Our definitions of regulatory features follows the definitions provided by the INSDC regulatory class vocabulary. In gene fusions, these are typically either enhancer or promoter features. These features may be represented as stand-alone entities with their own conceptual identifier (e.g. ENCODE cis-Regulatory Elements) or by a Genomic Location. Regulatory features may also be represented by their association with a nearby gene (e.g. regulatory fusion between MYC and IGH-associated enhancer elements).

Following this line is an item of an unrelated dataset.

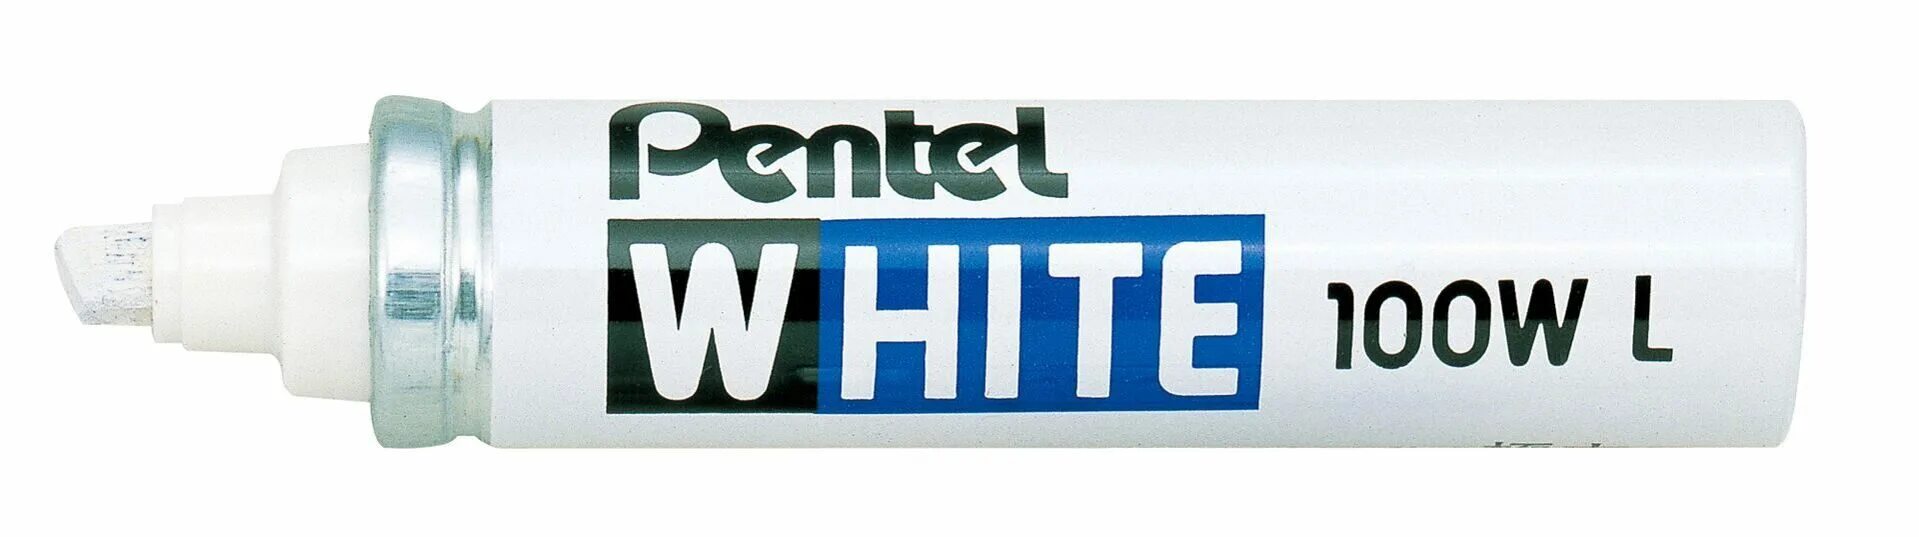 Маркер Pentel White 100w белый. Маркер Pentel x100w. Маркер Pentel x100w белый перманентный. Маркер промышленный Pentel White р-266. Маркеры white
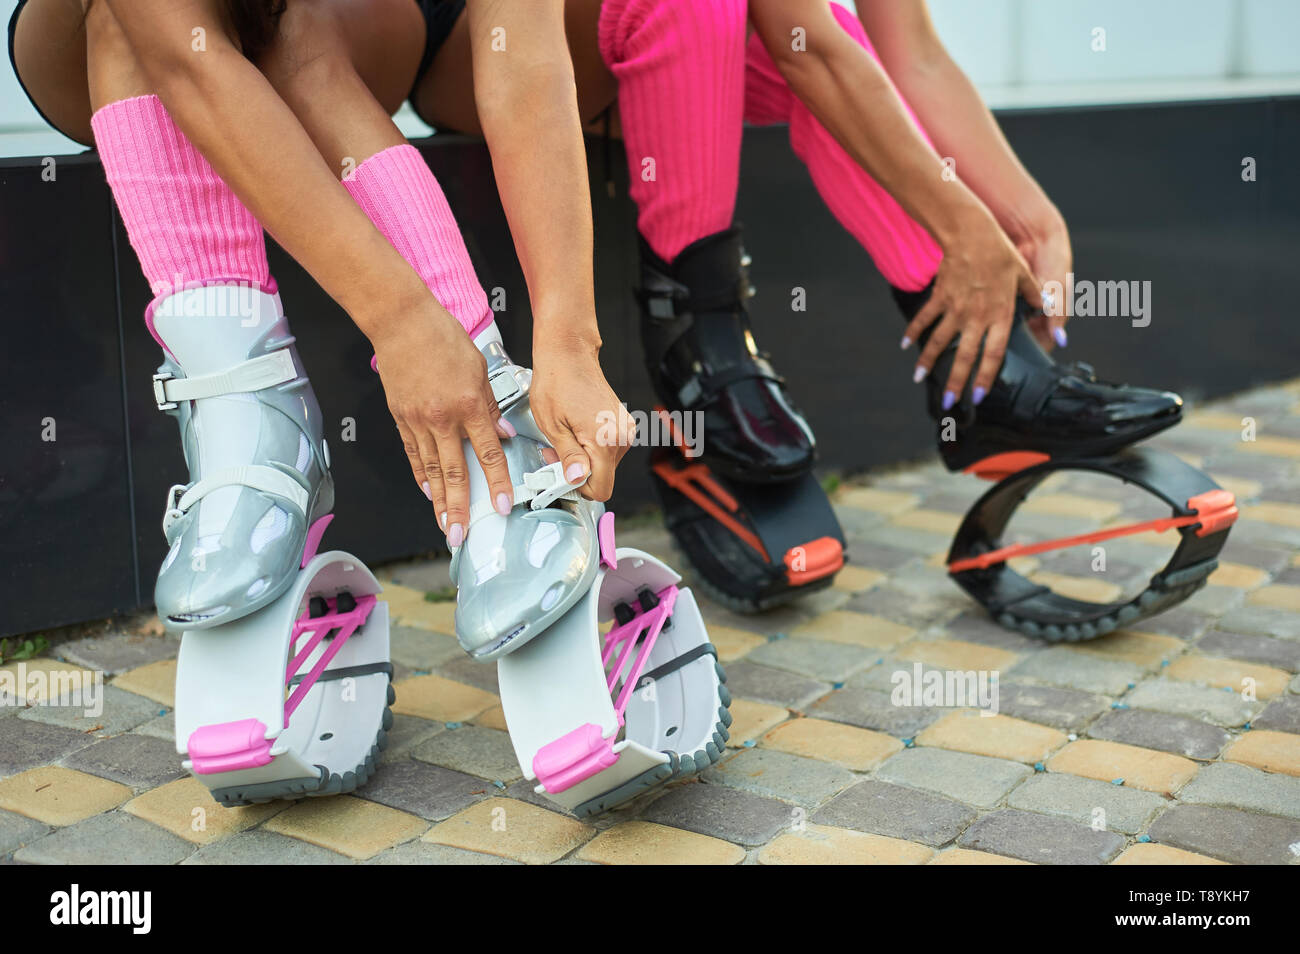 two women put on kangoo jumping boots before workout. Closeup shot

It is expected that a regulatory feature will be described by at least (and often exactly) one of a Feature ID, Genomic location, or associated gene.

Field	Limits	Description
Regulatory class	1..1	MUST be `enhancer`, `promoter`, or another term from the INSDC regulatory class vocabulary.
Feature ID	0..1	An optional identifier for the regulatory feature, e.g. registered cis-regulatory elements from ENCODE.
Feature location	0..1	An optional Genomic Location for the regulatory feature.
Associated gene	0..1	A Gene associated with the regulatory feature.

Categorical elements

Categorical data elements are specifically used for the representation of Categorical Gene Fusions. These data elements define the key criteria for matching Assayed Gene Fusions.

Functional Domains

Categorical Gene Fusions are often characterized by the presence or absence of critical functional domains within a gene fusion.

Field	Limits	Description
Label	0..1	An optional name for the functional domain, e.g. `Protein kinase domain`.
ID	0..1	An optional namespaced identifier for the domain, e.g. interpro:IPR000719.
Sequence location	0..1	An optional Sequence Location for the domain.
Status	1..1	MUST be one of [`preserved`, `lost`]
Associated gene	1..1	The Gene associated with the domain.

Reading Frame

A common attribute of a categorical gene fusion is whether the reading frame is preserved in the expressed gene product. This is typical of protein-coding gene fusions.

Field	Limits	Description
Reading frame preserved	0..1	Boolean indicating whether the reading frame must be preserved or not.

Assayed Elements

Assayed data elements are specifically used for the representation of Assayed Gene Fusions. These data elements provide important context for downstream evaluation of Chimeric Transcript Fusions and Regulatory Fusions detected by biomedical assays.

Causative Event

The evaluation of a fusion may be influenced by the underlying mechanism that generated the fusion. Often this will be a DNA rearrangement, but it could also be a read-through or trans-splicing event.

Field	Limits	Description
Type	1..1	The type of event that generated the fusion. May be `rearrangement`, `read-through`, or `trans-splicing`.
Description	0..1	For rearrangements, this field is useful for characterizing the rearrangement. This could be a string describing the rearrangement with an appropriate nomenclature (e.g. ISCN or HGVS), or an equivalent data structure.

Assay

Metadata about the assay that detected the fusion–and whether that fusion was directly detected by the assay or inferred–is useful to preserve for downstream evaluation.

Field	Limits	Description
Name	1..1	A human-readable name for the assay. Should match the label for the assay ID, e.g. `fluorescence in-situ hybridization assay` for obi:OBI_0003094.
ID	1..1	An ID for the assay concept, e.g. obi:OBI_0003094 from the Ontology for Biomedical Investigations.
Fusion detection	1..1	MUST be one of [direct, inferred]. Direct detection methods (e.g. RNA-seq, RT-PCR) directly interrogate chimeric transcript junctions. Inferred detection methods (e.g. WGS, FISH) infer the existence of a fusion in the presence of compatible biomarkers (e.g. ALK rearrangements in non-small cell lung cancers).
Method URI	1..1	A URI pointing to the methodological details of the assay.